Now, that sounds well and good, but intuitive eating has also recently been a topic of extensive research and academic scrutiny. One study in particular focused on the effects of intuitive eating versus self-weighing and calorie counting in college students. Self-weighing and calorie counting was shown to result in increased eating disorder severity in comparison to intuitive eating, but “Cultivating [intuitive eating] within health promotion efforts may…lead to favorable eating-related outcomes that may translate to the holistic health of this population.”

This may hit close to home, but we all know that the freshman 15 is real and prone to exceed expectations as the years pass. It is hard to not feel guilty about weight gain, but intuitive eating might be one option to explore if your goal is to feel better about your body instead of trying to change it.

Besides the mind, intuitive eating happens to also be a healthy option for the body. While weight loss is not the goal of intuitive eating, it is sometimes a side effect of increased mindfulness toward your body and the food it consumes. Another study found that those who participated in intuitive eating “maintained weight, improved in all outcome variables, and sustained improvements,” while those who participated in diets initially lost weight, but the “weight was regained and little improvement was sustained.”

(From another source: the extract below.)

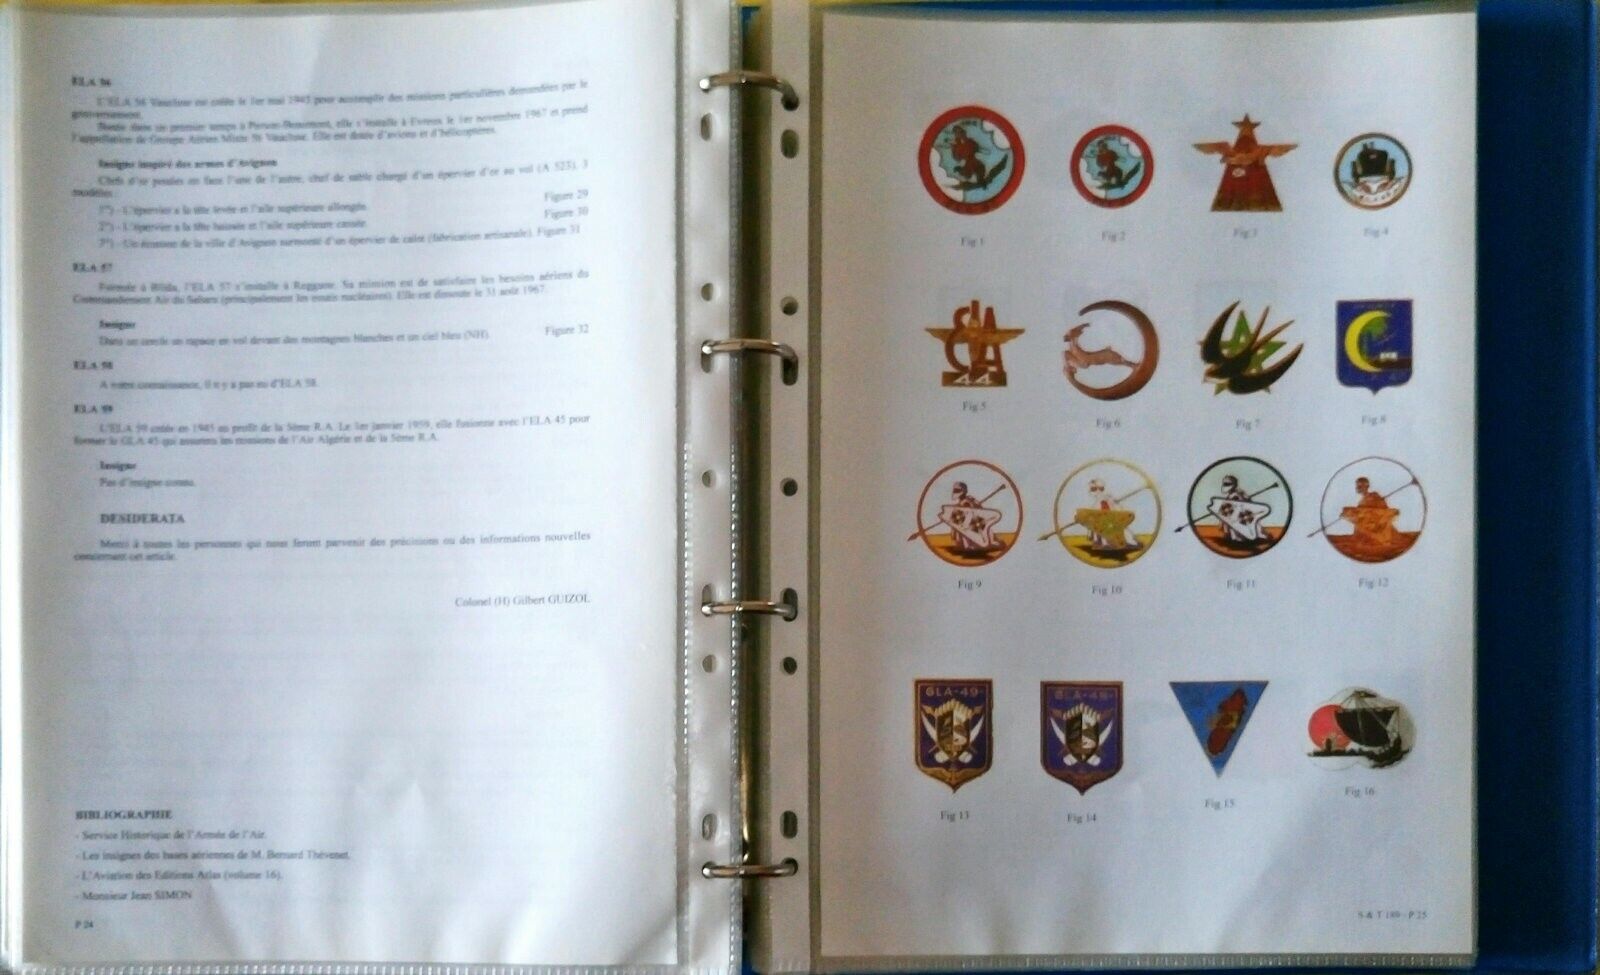 *Documentation Insignes Armée de l Air  2 - 46 documents pour au total 195 pages

While intuitive eating might sound like just another fad, it has managed to beat the odds and stick around for over 20 years. It rejects the mentality of guilt and punishment in favor of self-love and the enjoyment of food, making intuitive eating a possible alternative to strict diets and calorie counting. Intuitive eating might not be for everyone, but it merits investigation and invites a closer look at how we treat ourselves and our food.